Eco (Atlantic) Oil and Gas Ltd. Announces Acquisition of JHI & Navitas Partnership

EOG · Price

Executive Summary

  • Eco (Atlantic) Oil & Gas Ltd. has signed a binding agreement to acquire 100% of JHI Associates, Inc., gaining a 35% working interest in the PL001 licence in the North Falkland Basin and a 17.5% interest in the Canje Block offshore Guyana.
  • The transaction is structured as a share exchange with an exchange ratio of 0.7054 Eco Common Shares for each JHI share, valuing the acquisition at approximately US$52.3 million (based on TSX-V VWAP) or £46.7 million (based on AIM closing price).
  • The acquisition strategically aligns Eco with Navitas Petroleum, the operator of the adjacent Sea Lion Field (first oil expected 2028), and provides exposure to high-potential exploration acreage in the North Falkland Basin and Guyana.

Key Details

  • Transaction Structure: Eco will issue up to 96,307,811 new Common Shares to JHI shareholders, warrant holders, and option holders. Upon closing, JHI securityholders will hold approximately 21.8% of Eco’s issued share capital.
  • Valuation:
    • US$52.3 million (£39.0 million) based on the 30-day VWAP on TSX-V (CAD$0.7362) ending March 9, 2026.
    • £46.7 million (US$62.6 million) based on the AIM mid-market closing price (£0.485) on March 10, 2026.
  • Assets Acquired:
    • PL001 Licence (Falkland Islands): 35% working interest. Located in the North Falkland Basin, adjacent to the Navitas-operated Sea Lion Field. Covers 1,126 km2.
    • Canje Block (Guyana): 17.5% participating interest. Operated by ExxonMobil with partners TotalEnergies and Mid Atlantic O&G. Note: The licence lapsed on March 4, 2026, but is subject to ongoing extension discussions.
  • Navitas Partnership & Carry: Navitas holds the remaining 65% interest in PL001 (subject to FIG approval).

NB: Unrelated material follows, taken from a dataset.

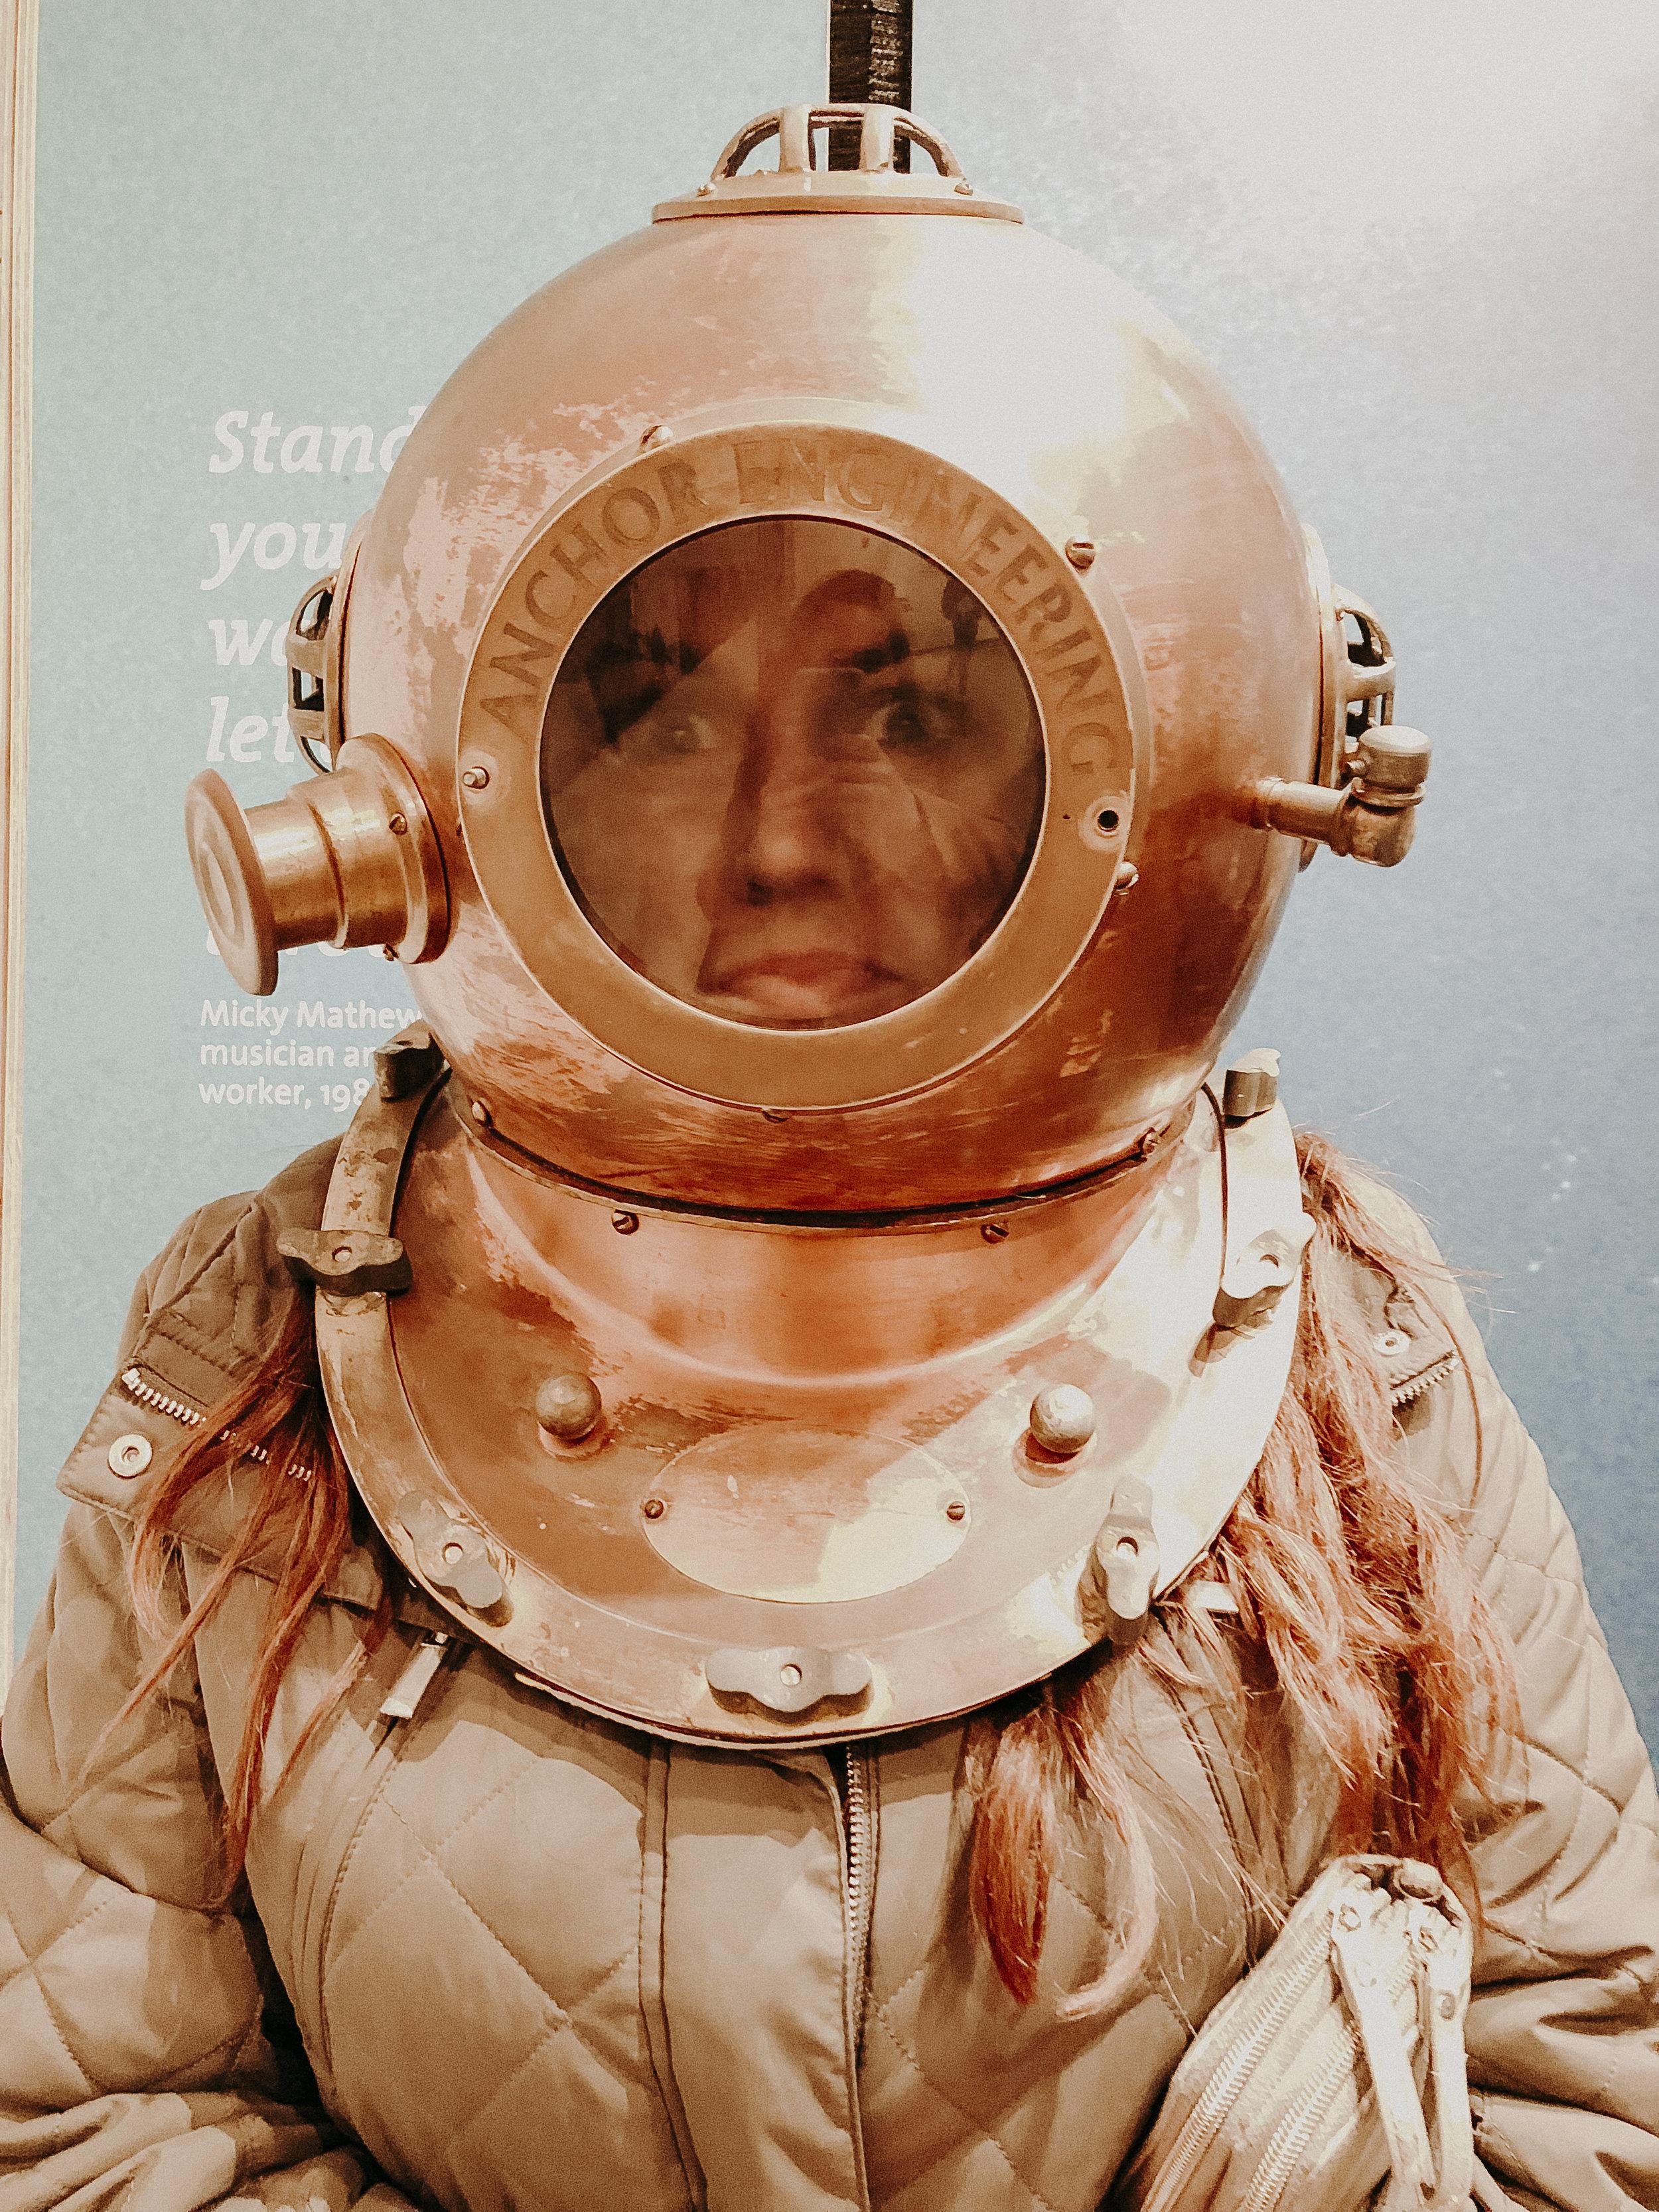 Christine enjoying the National Museum of Australia.

Navitas provided a fully funded carry loan of up to US$14 million net to JHI for exploration/appraisal wells. Eco assumes this benefit. The loan is repayable from 85% of JHI’s free cash flow from production if established.
  • Licence Extension: The transaction is conditional on the Falkland Island Government (FIG) granting a five-year extension to the PL001 licence (currently expiring Dec 31, 2026).
  • Cash Balance: JHI will have a minimum cash balance of US$1.0 million on closing, which Eco will acquire.
  • Lock-Up Arrangements: Approximately 45% of the Common Shares issued to JHI shareholders are subject to lock-ups:
    • 10% released on closing.
    • 10% released 3 months post-closing.
    • 10% released 6 months post-closing.
    • 20% released 12 months post-closing.
    • Remaining 50% released on the earlier of September 30, 2027, or the spudding of the first offshore well in the Falklands by Eco.
  • Financials of JHI: Gross asset value of US$15.3 million as of Dec 31, 2025; unaudited loss of US$2.8 million for the year ended Dec 31, 2025.
  • Resource Estimates: PL001 CPR estimated an aggregate 3.1 billion barrels of prospective (best estimate) recoverable resources (unrisked).
  • Closing Conditions: Requires TSX-V approval, approval by two-thirds of JHI shareholders at a special meeting, and the FIG licence extension. Expected to close in Q3 2026.
  • Management Changes: Mr. Daniel Guy (current JHI director) will be designated to the Eco Board upon closing. Mr. Frederick Cedoz will join Eco as Vice President, Americas.
  • Advisors: PillarFour Capital Inc. acted as financial advisor, entitled to US$150,000 cash and 725,000 Common Shares upon closing.

Notable Quotes

  • Gil Holzman, President and CEO: "This Transaction represents a further transformational milestone in Eco's strategic evolution... By securing a significant working interest adjacent to the Sea Lion Field, and further aligning ourselves with Navitas... Eco is advancing beyond pure exploration exposure and positioning itself within a basin entering a new phase of development-led growth."